**EXERCISE:**
What you give back from the listing below should be an exact copy of the lines from the one with "Heart pattern for" down to the one with "Lady Emma Hamilton", and it should contain no pictures.

**MATERIAL SHOWN:**

Content starts

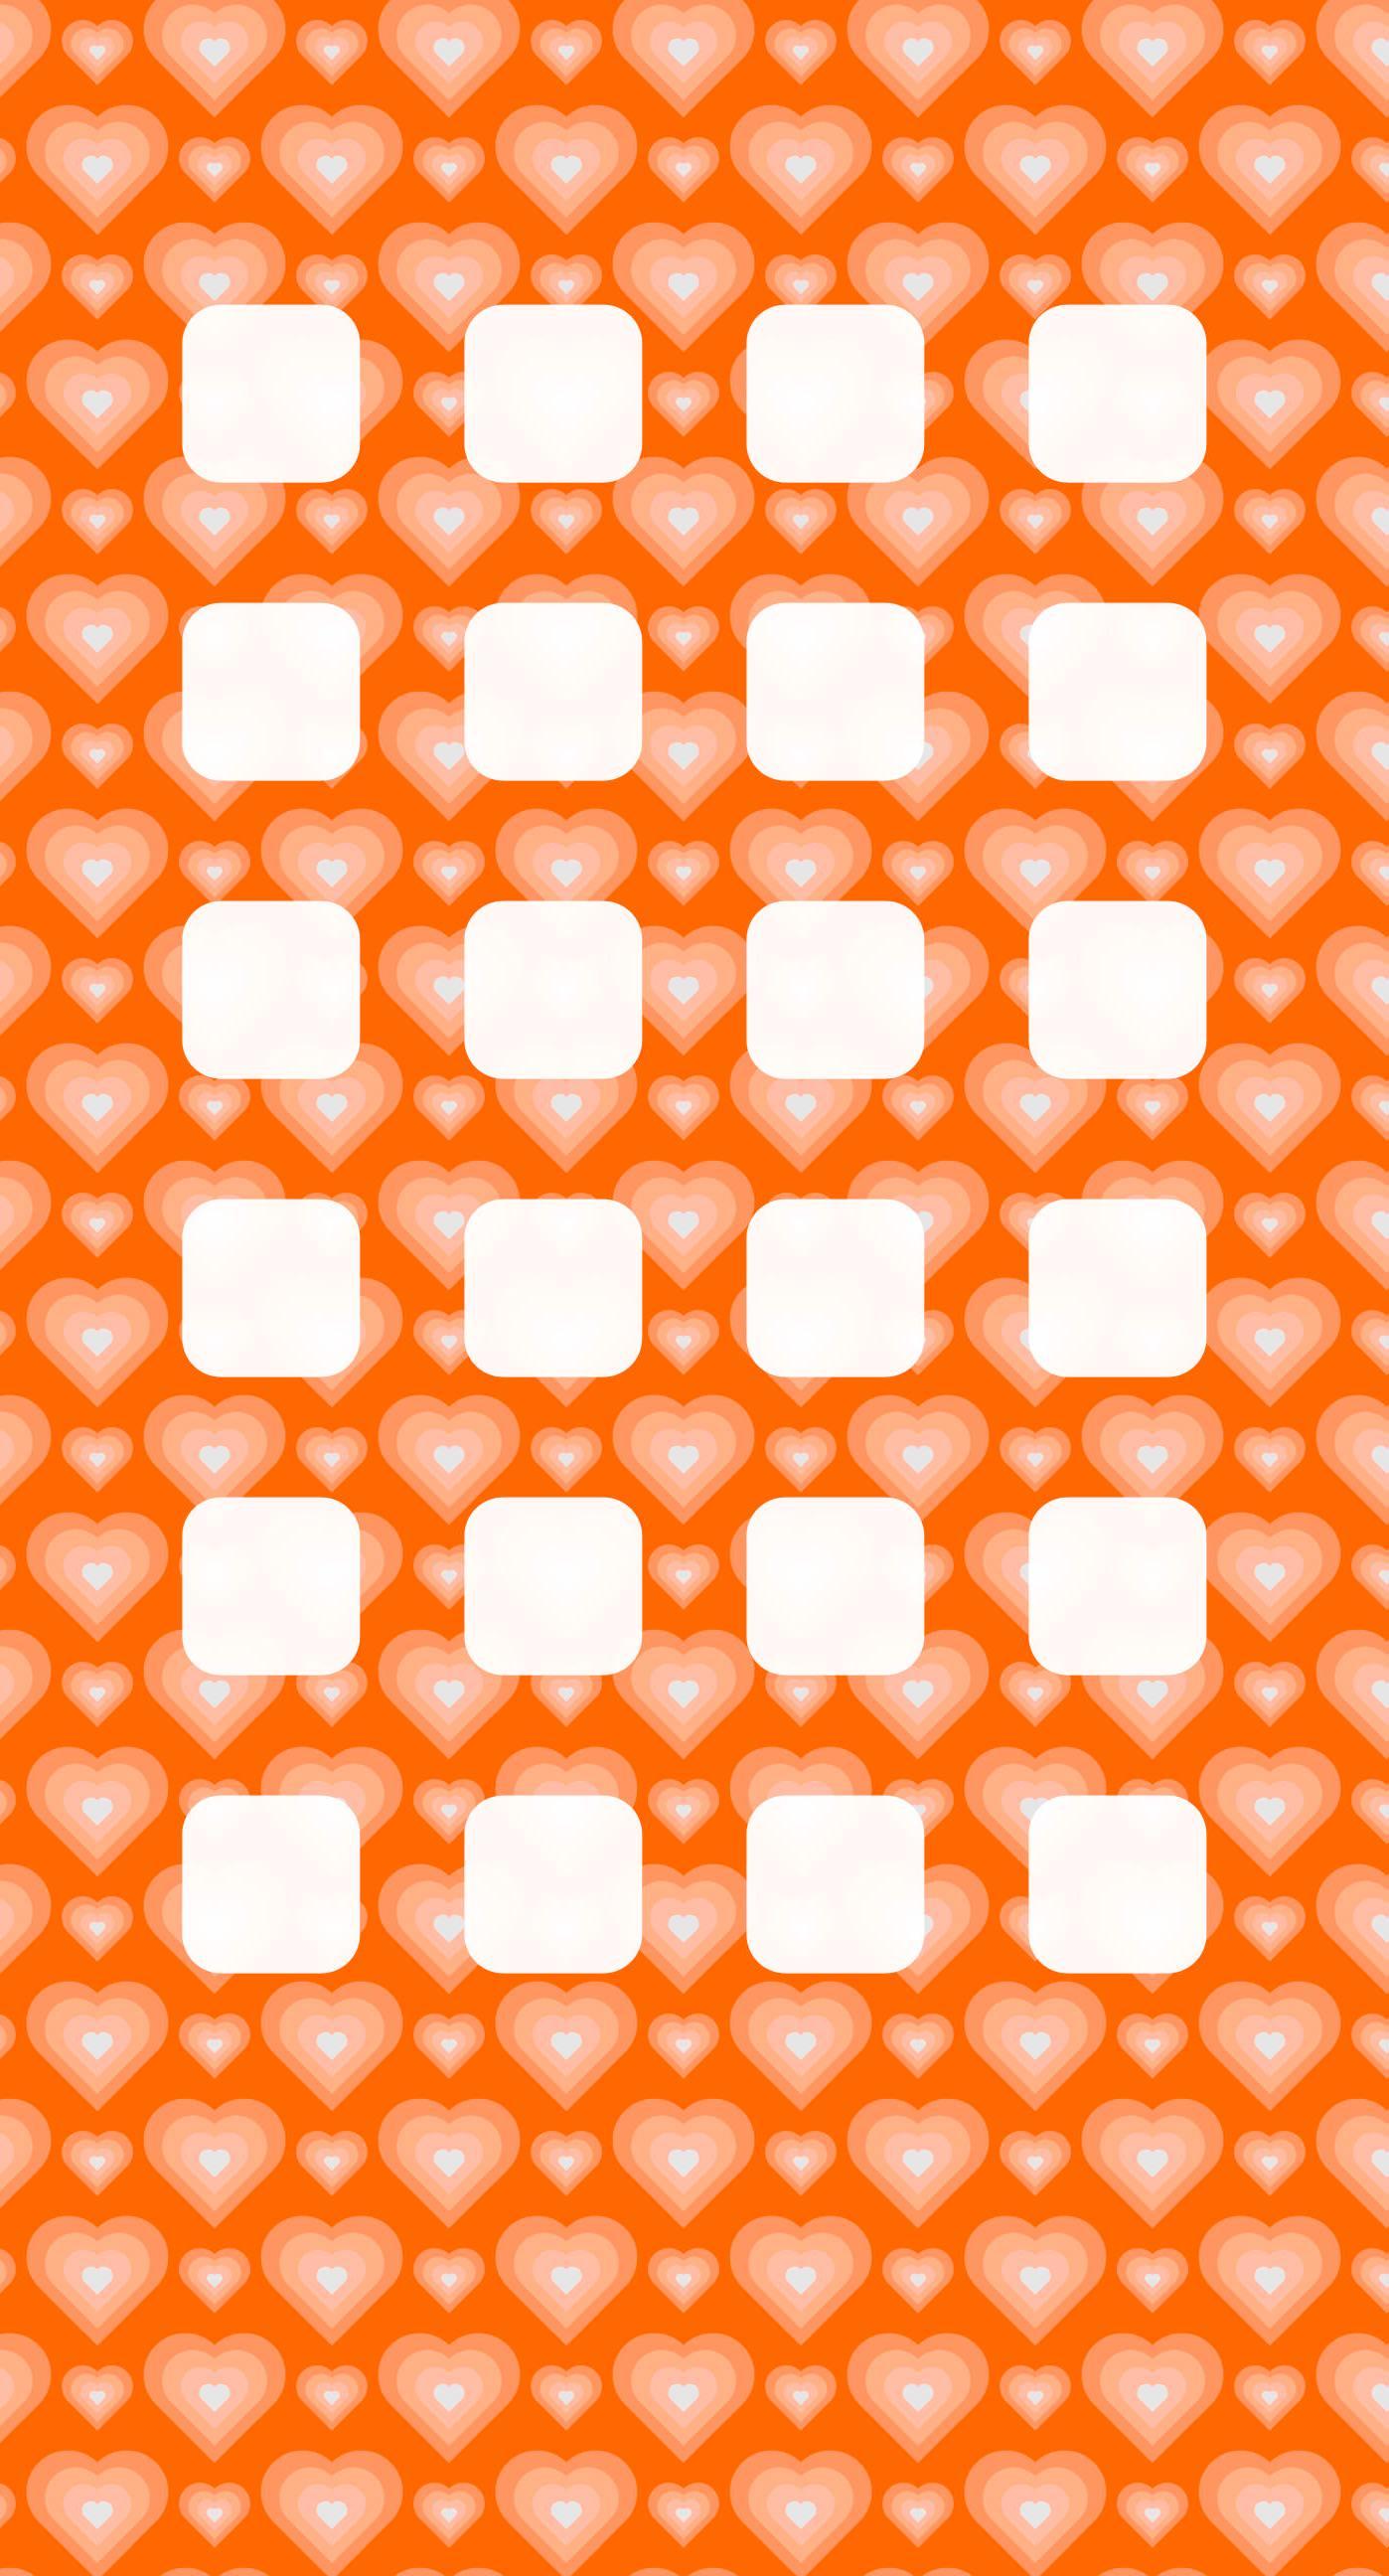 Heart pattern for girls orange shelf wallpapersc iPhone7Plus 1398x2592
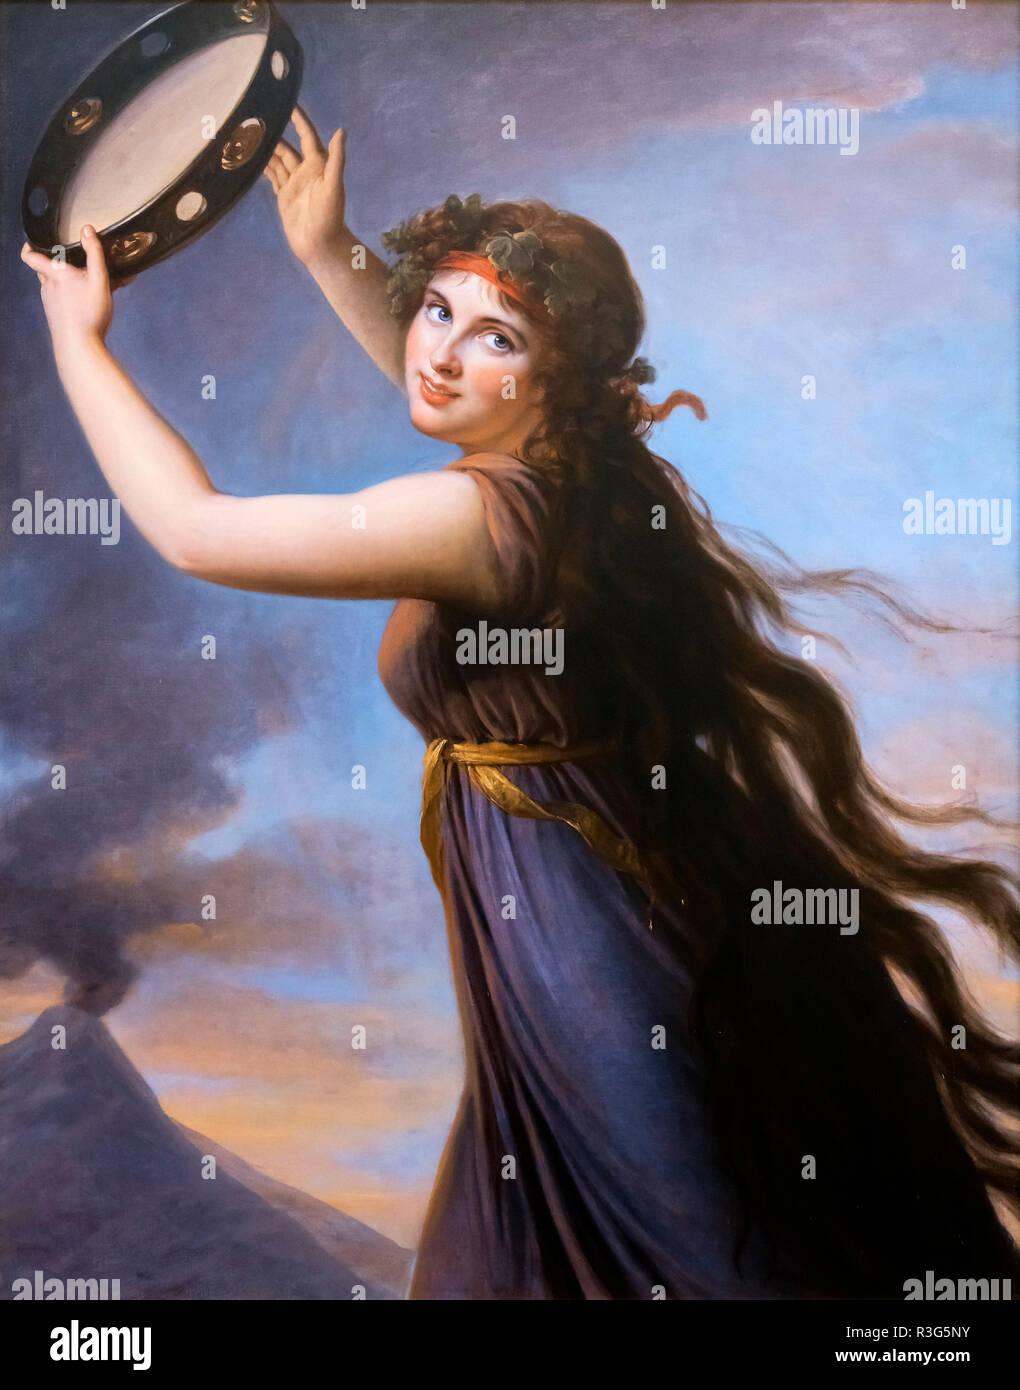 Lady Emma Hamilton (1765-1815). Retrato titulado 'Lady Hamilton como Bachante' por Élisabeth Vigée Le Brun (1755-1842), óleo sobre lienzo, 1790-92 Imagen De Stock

Content ends
Content starts

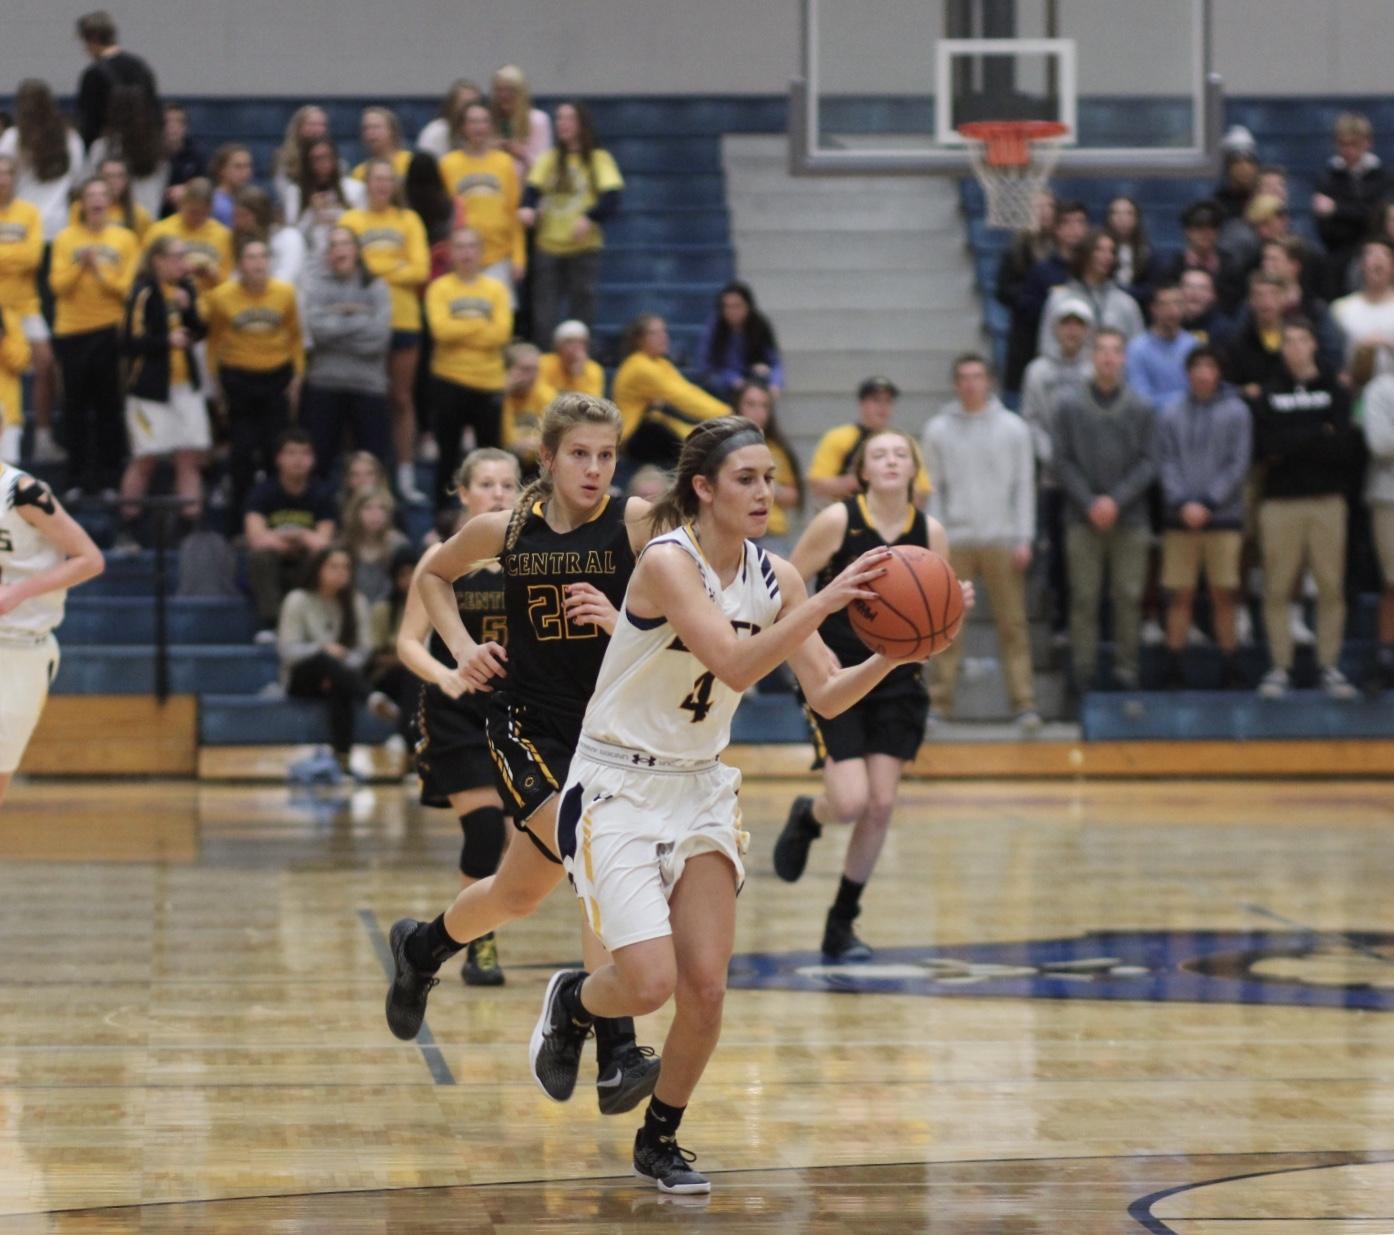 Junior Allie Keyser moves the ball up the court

Content ends

**EXERCISE SOLUTION:**
 Heart pattern for girls orange shelf wallpapersc iPhone7Plus 1398x2592
 Lady Emma Hamilton (1765-1815). Retrato titulado 'Lady Hamilton como Bachante' por Élisabeth Vigée Le Brun (1755-1842), óleo sobre lienzo, 1790-92 Imagen De Stock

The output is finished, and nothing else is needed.